All of lore.kernel.org
 help / color / mirror / Atom feed
From: Jeff Layton <jlayton@redhat.com>
To: "J. Bruce Fields" <bfields@fieldses.org>
Cc: Chuck Lever <chuck.lever@oracle.com>,
	Eryu Guan <guaneryu@gmail.com>,
	Linux NFS Mailing List <linux-nfs@vger.kernel.org>
Subject: Re: upstream server crash
Date: Mon, 24 Oct 2016 15:17:34 -0400	[thread overview]
Message-ID: <1477336654.21854.9.camel@redhat.com> (raw)
In-Reply-To: <20161024180858.GA27359@fieldses.org>

[-- Attachment #1: Type: text/plain, Size: 3975 bytes --]
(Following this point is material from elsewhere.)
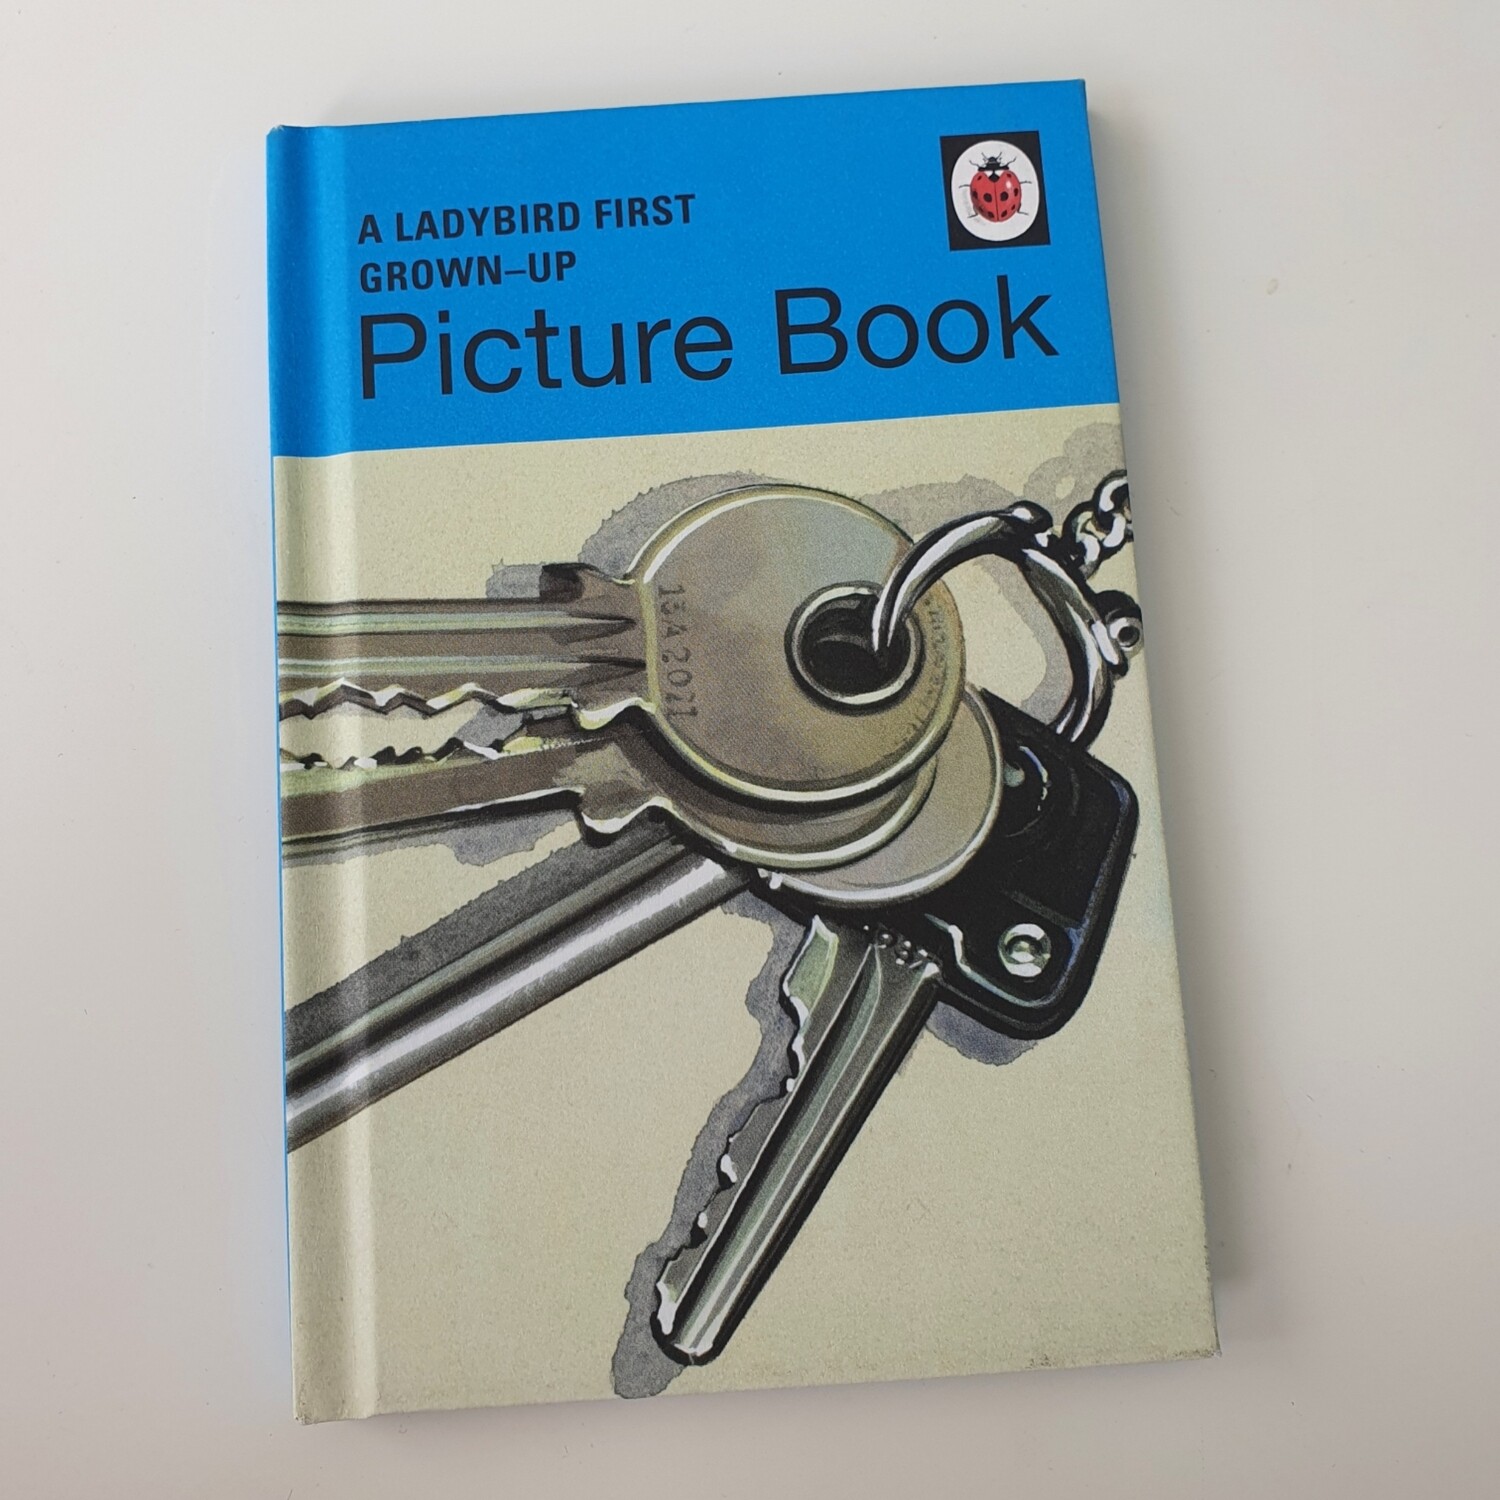 Keys Picture Book - ladybird book - new home - new car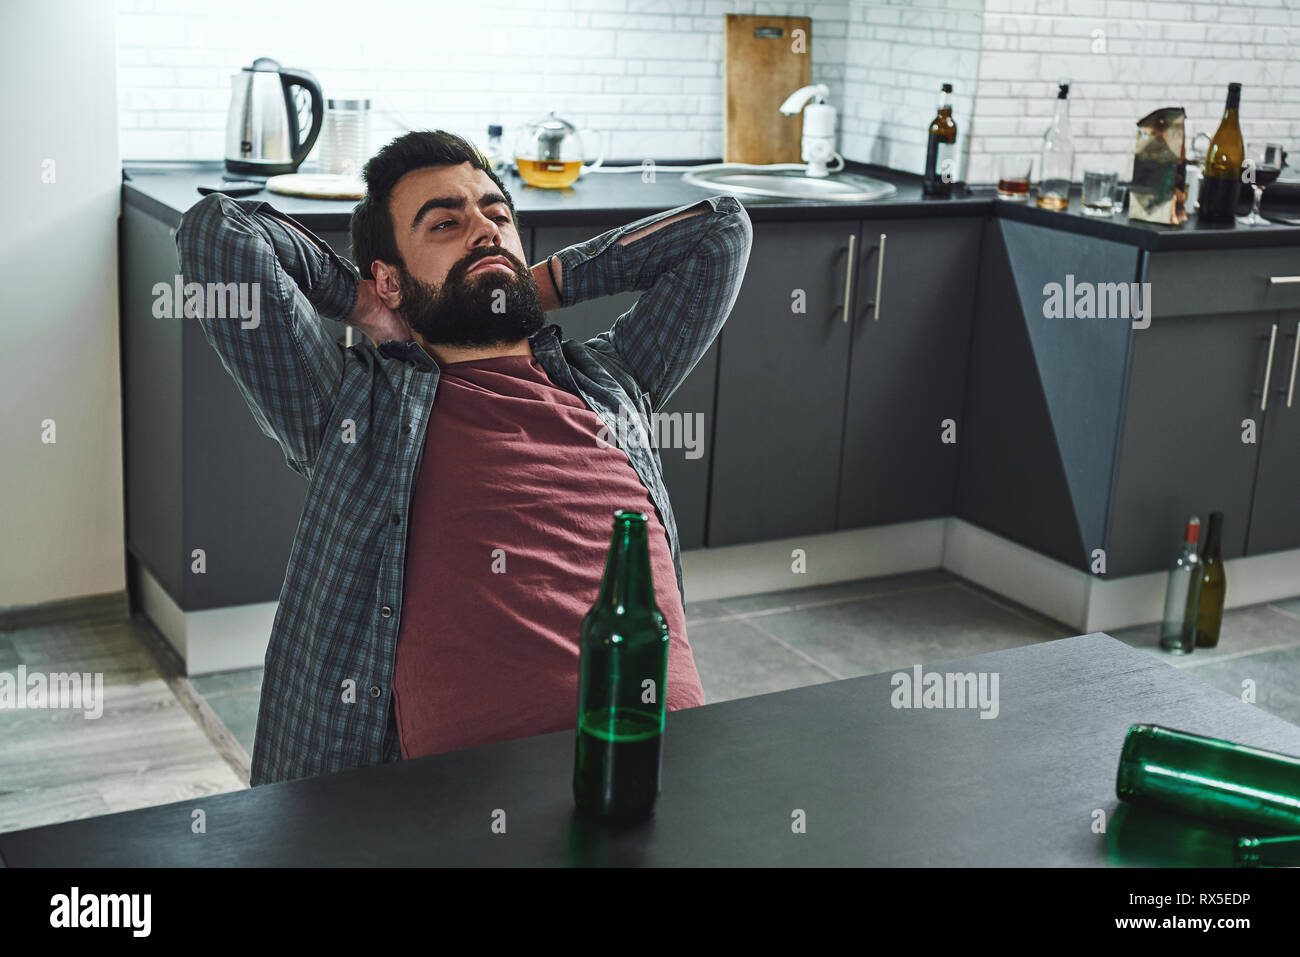 Drinking trouble. Depressed bearded man sits at the table with beer bottle in front of him. He is thinking about problems at work and troubles in rela Stock Photo

On Mon, 2016-10-24 at 14:08 -0400, J. Bruce Fields wrote:
> On Mon, Oct 24, 2016 at 11:24:40AM -0400, Jeff Layton wrote:
> > 
> > On Mon, 2016-10-24 at 11:19 -0400, Jeff Layton wrote:
> > > 
> > > On Mon, 2016-10-24 at 09:51 -0400, Chuck Lever wrote:
> > > > 
> > > > 
> > > > > 
> > > > > 
> > > > > 
> > > > > On Oct 24, 2016, at 9:31 AM, Jeff Layton <jlayton@redhat.com> wrote:
> > > > > 
> > > > > On Mon, 2016-10-24 at 11:15 +0800, Eryu Guan wrote:
> > > > > > 
> > > > > > 
> > > > > > 
> > > > > > On Sun, Oct 23, 2016 at 02:21:15PM -0400, J. Bruce Fields wrote:
> > > > > > > 
> > > > > > > 
> > > > > > > 
> > > > > > > 
> > > > > > > I'm getting an intermittent crash in the nfs server as of
> > > > > > > 68778945e46f143ed7974b427a8065f69a4ce944 "SUNRPC: Separate buffer
> > > > > > > pointers for RPC Call and Reply messages".
> > > > > > > 
> > > > > > > I haven't tried to understand that commit or why it would be a problem yet, I
> > > > > > > don't see an obvious connection--I can take a closer look Monday.
> > > > > > > 
> > > > > > > Could even be that I just landed on this commit by chance, the problem is a
> > > > > > > little hard to reproduce so I don't completely trust my testing.
> > > > > > 
> > > > > > I've hit the same crash on 4.9-rc1 kernel, and it's reproduced for me
> > > > > > reliably by running xfstests generic/013 case, on a loopback mounted
> > > > > > NFSv4.1 (or NFSv4.2), XFS is the underlying exported fs. More details
> > > > > > please see
> > > > > > 
> > > > > > http://marc.info/?l=linux-nfs&m=147714320129362&w=2
> > > > > > 
> > > > > 
> > > > > Looks like you landed at the same commit as Bruce, so that's probably
> > > > > legit. That commit is very small though. The only real change that
> > > > > doesn't affect the new field is this:
> > > > > 
> > > > > 
> > > > > @@ -1766,7 +1766,7 @@ rpc_xdr_encode(struct rpc_task *task)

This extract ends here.